I’ve been going through a lot of similar stuff building a garage shop. Driveway is also finished and floor has a nice hard plastic coating but not pictured here.
Radiant floor heat pex tubes in but no system installed yet., hopefully this year.
Sorry, not trying to hijack your thread.
I know there is a lot of stuff to think of when building so I’m happy for you.

Bryan


----------



## old55 (Aug 11, 2013)

Nice looking shed Bryan.


----------



## DesertRatTom (Jul 3, 2012)

@bryansong What a great looking shop space! Didn't know you were that far along.


----------



## bryansong (Mar 4, 2015)

Thanks Tom, yeah it’s pretty much done for the winter.
As I mentioned earlier it still needs the radiant heat system. 
I need a retaining wall on the left side by the neighbors’s as there’s a pretty big slope. I spent a couple of weeks moving and taking dirt trying to make a decent terrace until finally I decided I wouldn’t be happy with it. I’ll get it this year.
Anyway, my old basement garage shop still works fine so I went in to work on my Christmas present.
The new garage has become sort of a recreation center when the grandkids come over so for now I really don’t know what I’ll do, it might be a while before I build a shop in there,I do like the big open area.


----------



## Arcola60 (Jul 4, 2009)

Wow! Bryan that is a great looking shop! It is very exciting seeing things come together.
Thanks for sharing.


----------



## bryansong (Mar 4, 2015)

Thanks and you’re welcome!


----------



## The Hobbyist (Apr 25, 2015)

Arcola60 said:


> Well, it has finally started!
> View attachment 400211


What is your budget? Where is this located? Cold weather climate? Wet? Dry? High altitude?

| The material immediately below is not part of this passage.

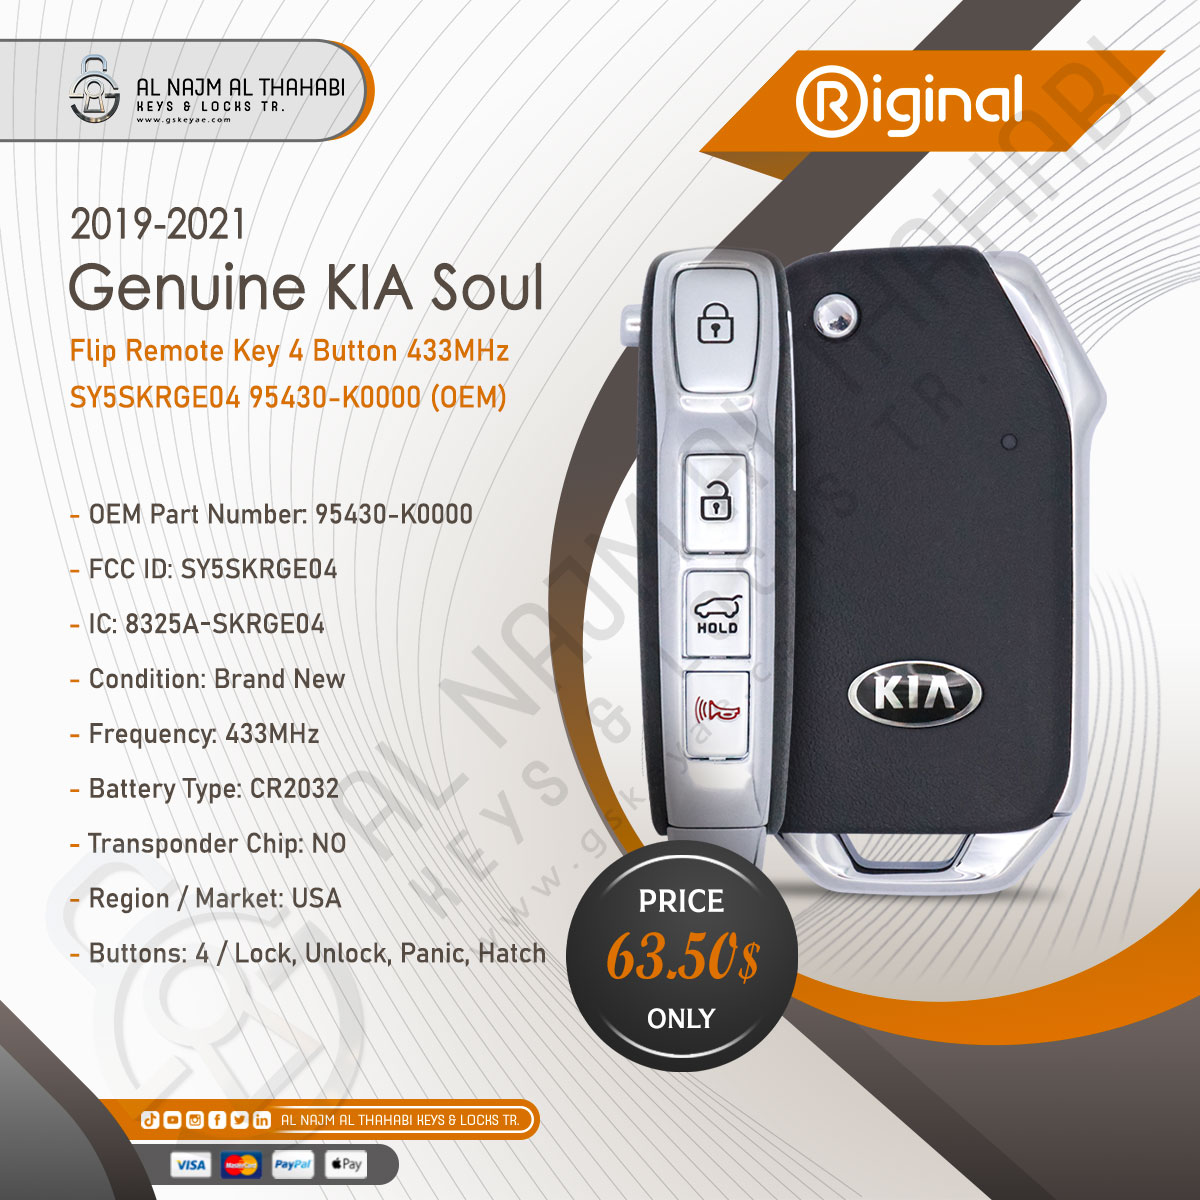 2019-2021 Genuine KIA Soul Flip Remote Key 4 Button 433MHz SY5SKRGE04 95430-K0000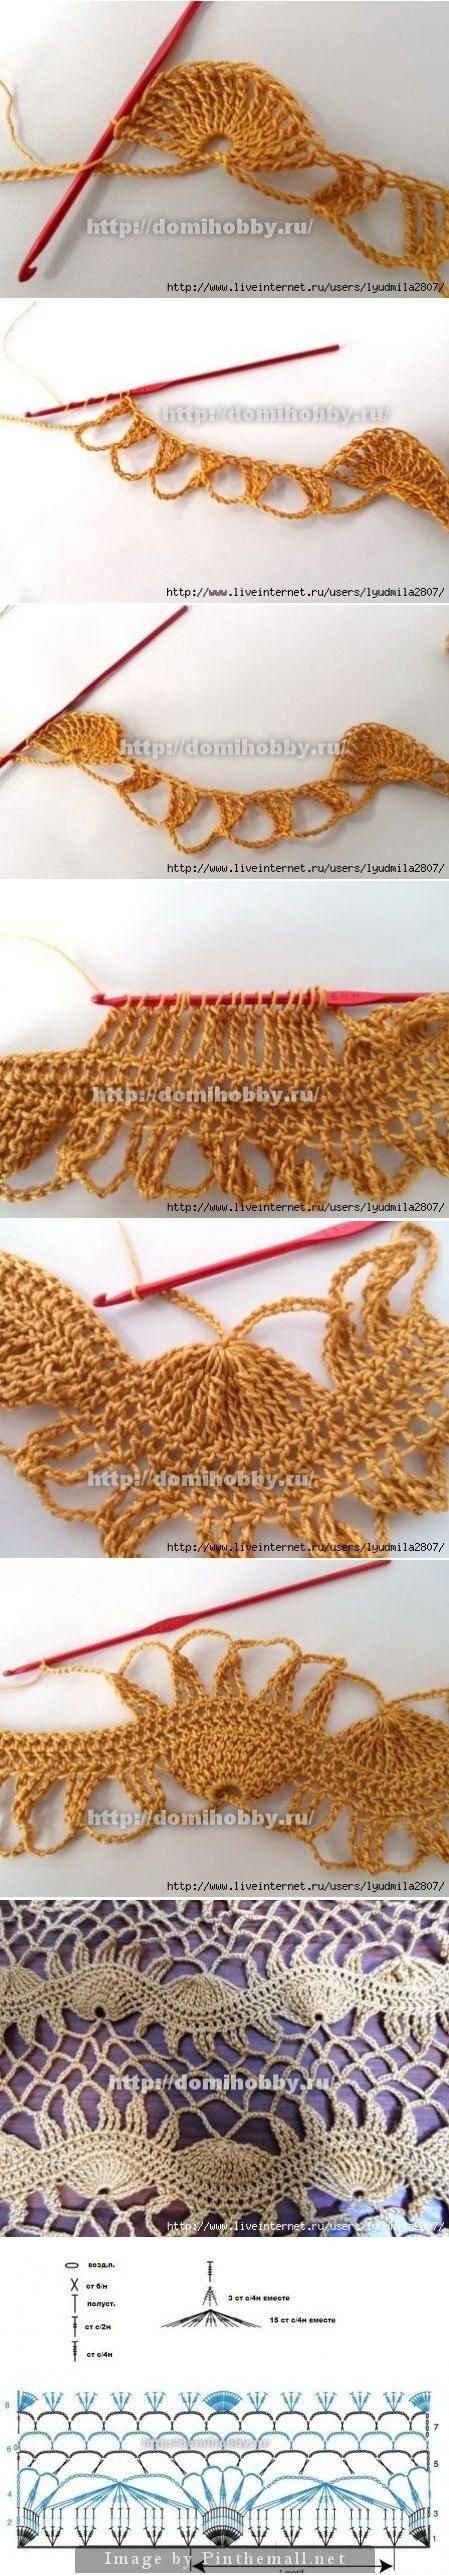 Awesome crochet technique looks like broomstick la...

I am sort of a "plan ahead" kind of guy. So many things you could do, but of course, everything COSTS, and especially NOW, with the world falling apart. 

Pardon my ignorance, but I am not seeing ANY sub-slab plumbing rising through the concrete slab for for sinks, showers, toilets, kitchens, laundry facilities ... What am I missing? Ahhh! A new *SHOP!* I must be tired. I read "new HOME."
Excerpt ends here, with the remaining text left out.